• **Problem to work on**: Leaving the pictures aside, repeat every line below exactly.

Segment Start: Data below

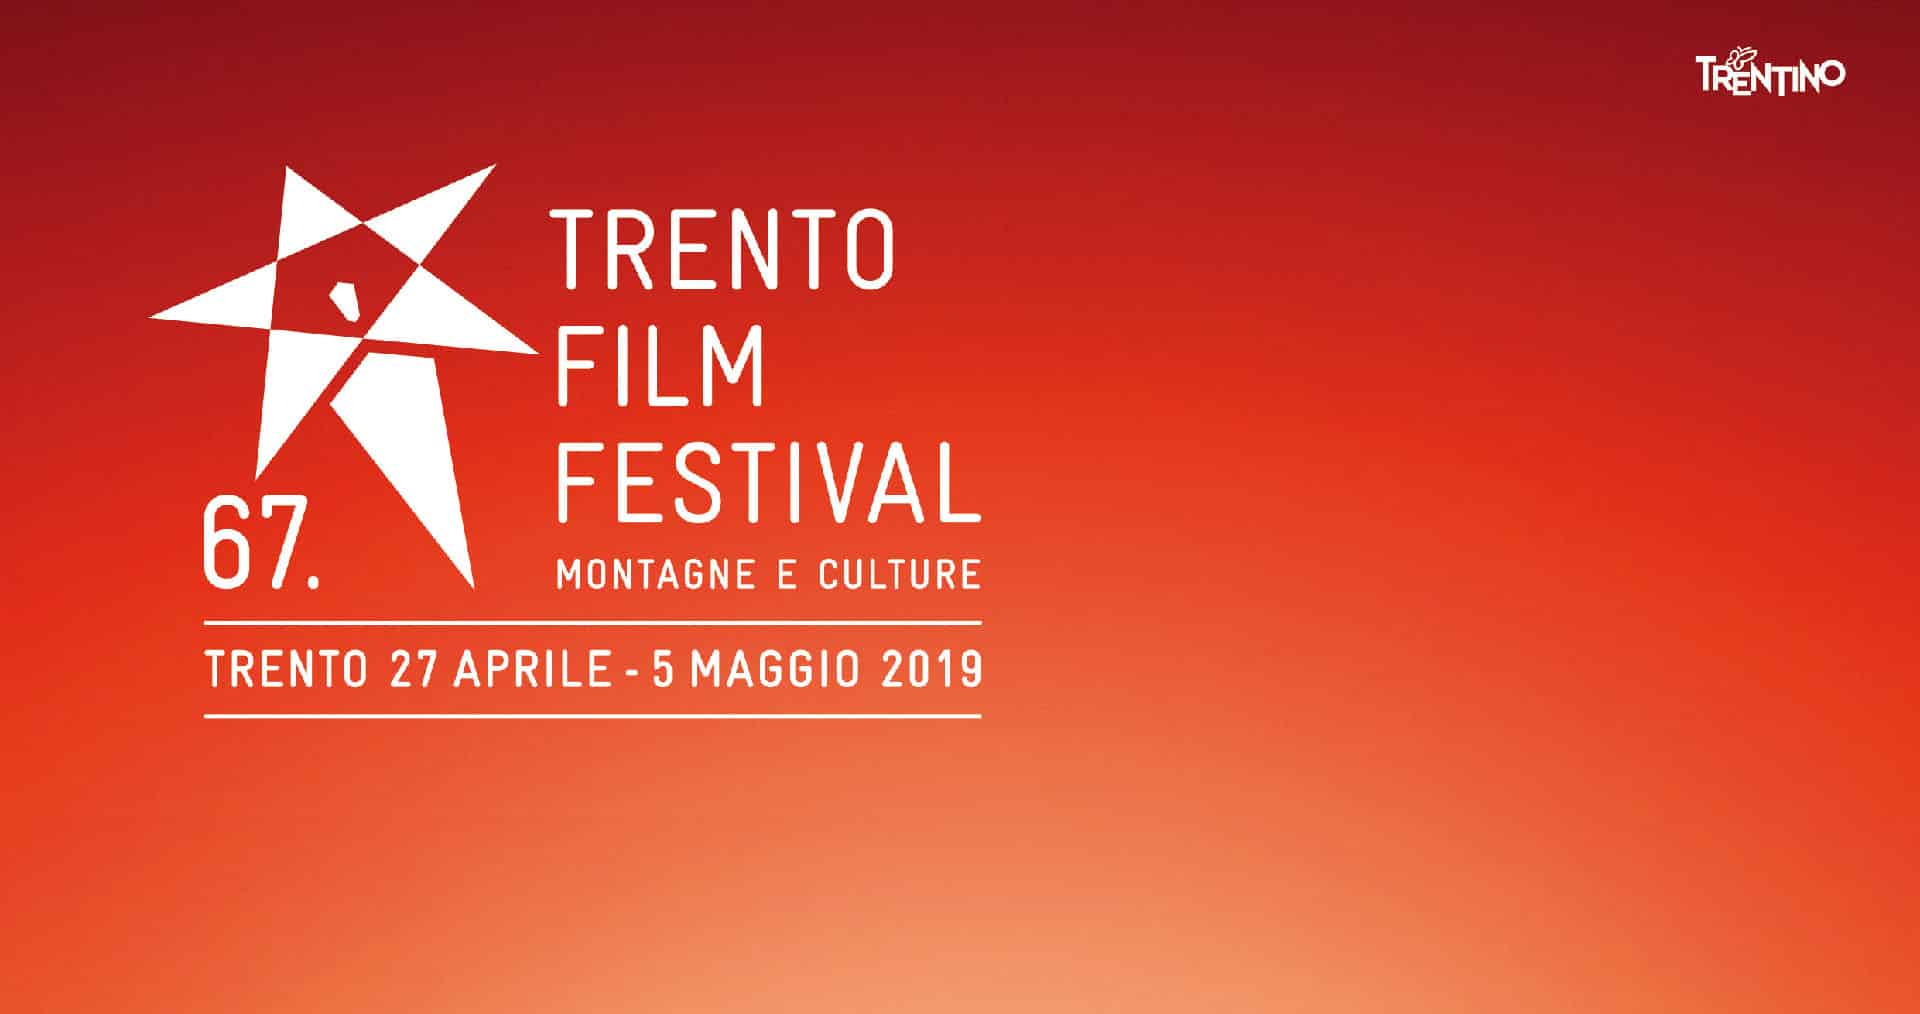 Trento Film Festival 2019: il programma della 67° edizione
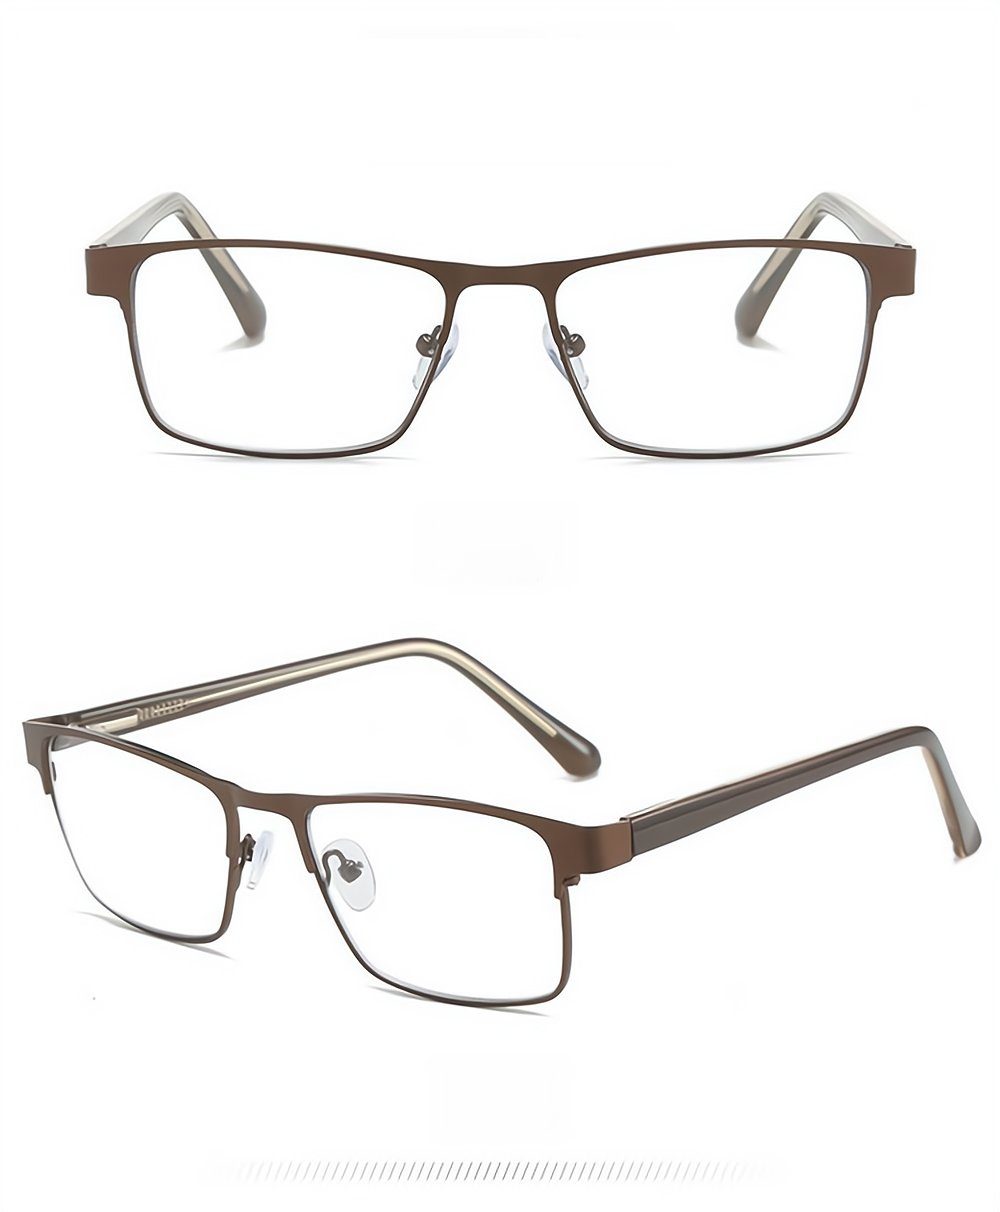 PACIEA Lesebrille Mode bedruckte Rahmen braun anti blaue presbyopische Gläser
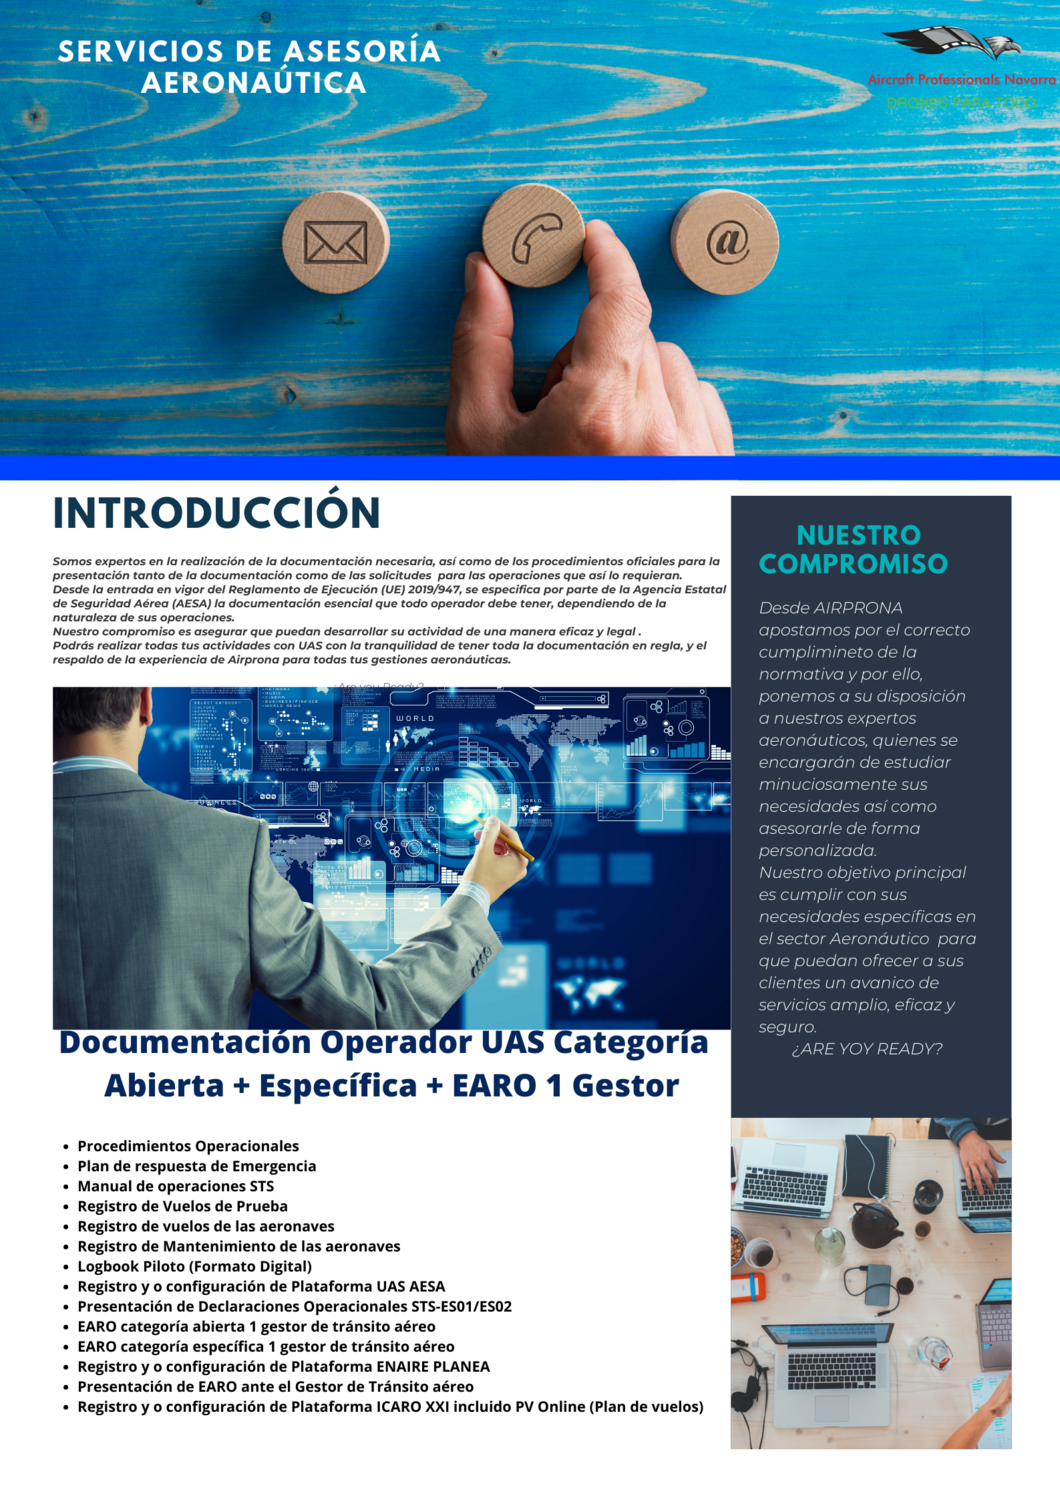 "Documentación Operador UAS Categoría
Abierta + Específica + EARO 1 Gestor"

Segment End: Data below

• **Written reply**:
 Trento Film Festival 2019: il programma della 67° edizione
 PACIEA Lesebrille Mode bedruckte Rahmen braun anti blaue presbyopische Gläser
 "Documentación Operador UAS Categoría
Abierta + Específica + EARO 1 Gestor"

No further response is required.